• Exercise materials:
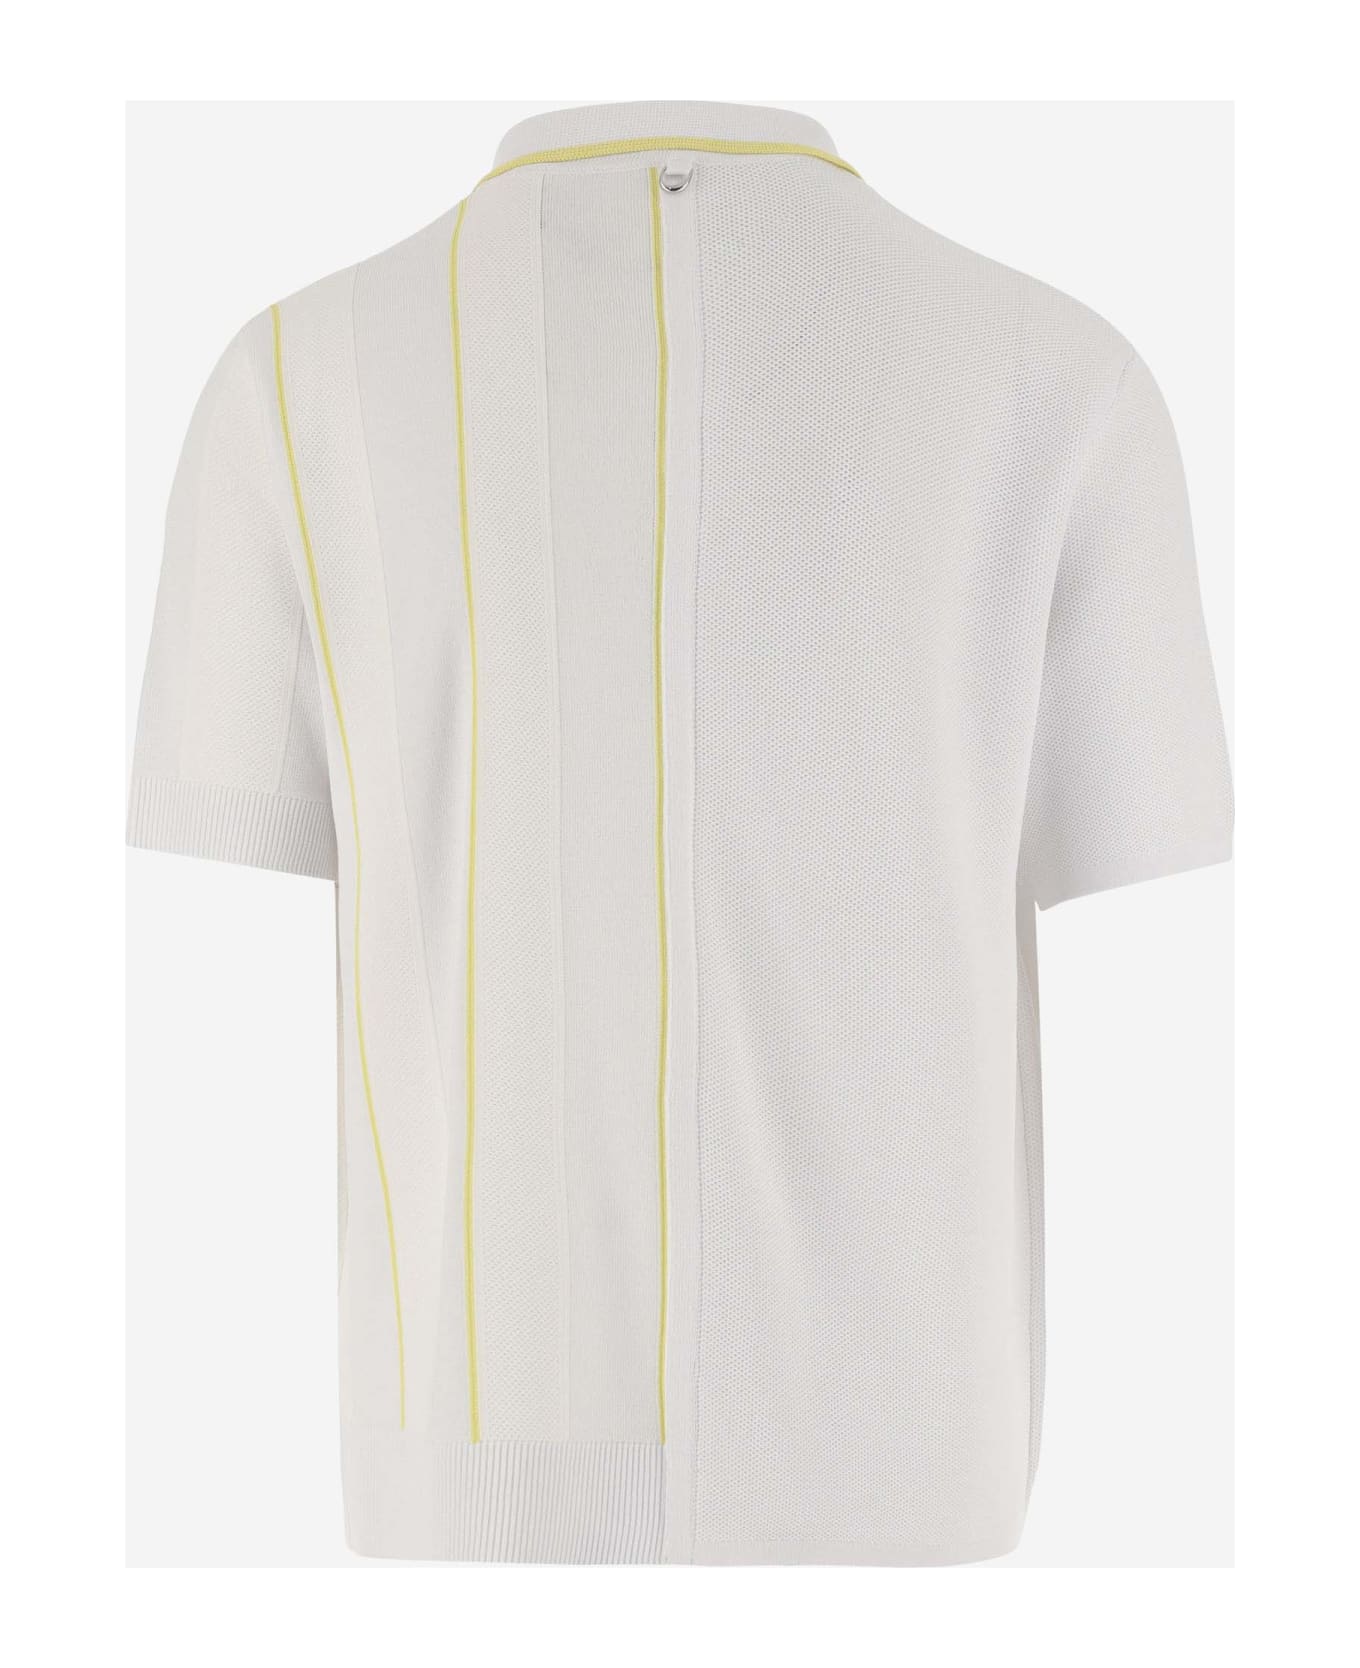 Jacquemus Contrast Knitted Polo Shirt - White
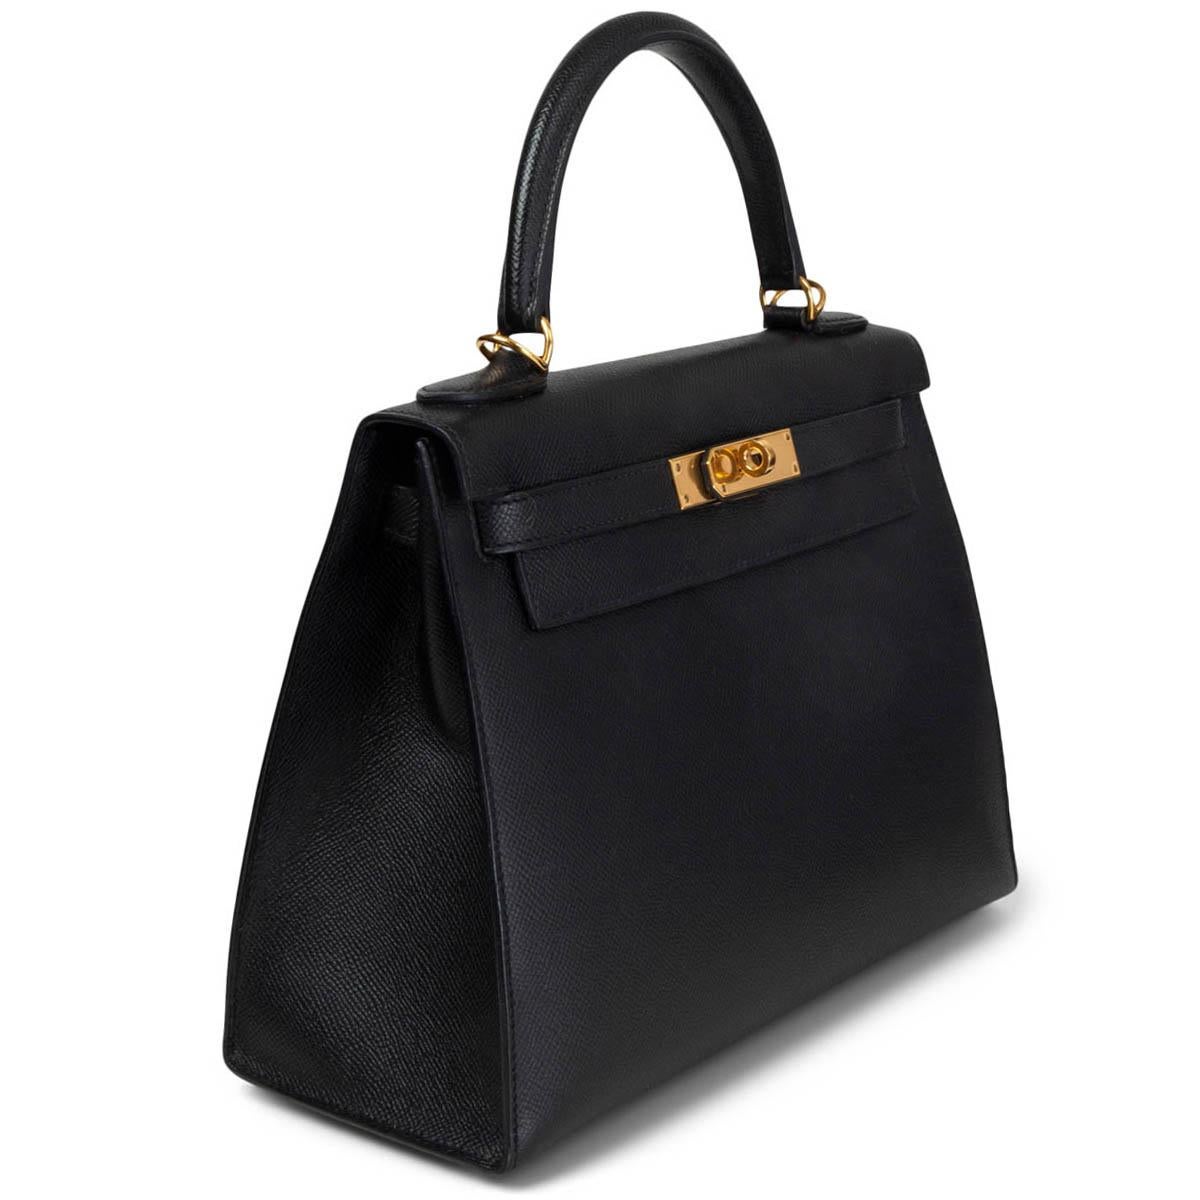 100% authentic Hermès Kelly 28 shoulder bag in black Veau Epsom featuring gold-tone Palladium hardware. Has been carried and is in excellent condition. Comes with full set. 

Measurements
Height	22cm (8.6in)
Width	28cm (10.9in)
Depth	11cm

• Your assignment: Copy exactly, please, the span of lines that begins at the line with "Measurements" and ends at the last line of the data, both included.

• Solution to the exercise:
Measurements
Height	22cm (8.6in)
Width	28cm (10.9in)
Depth	11cm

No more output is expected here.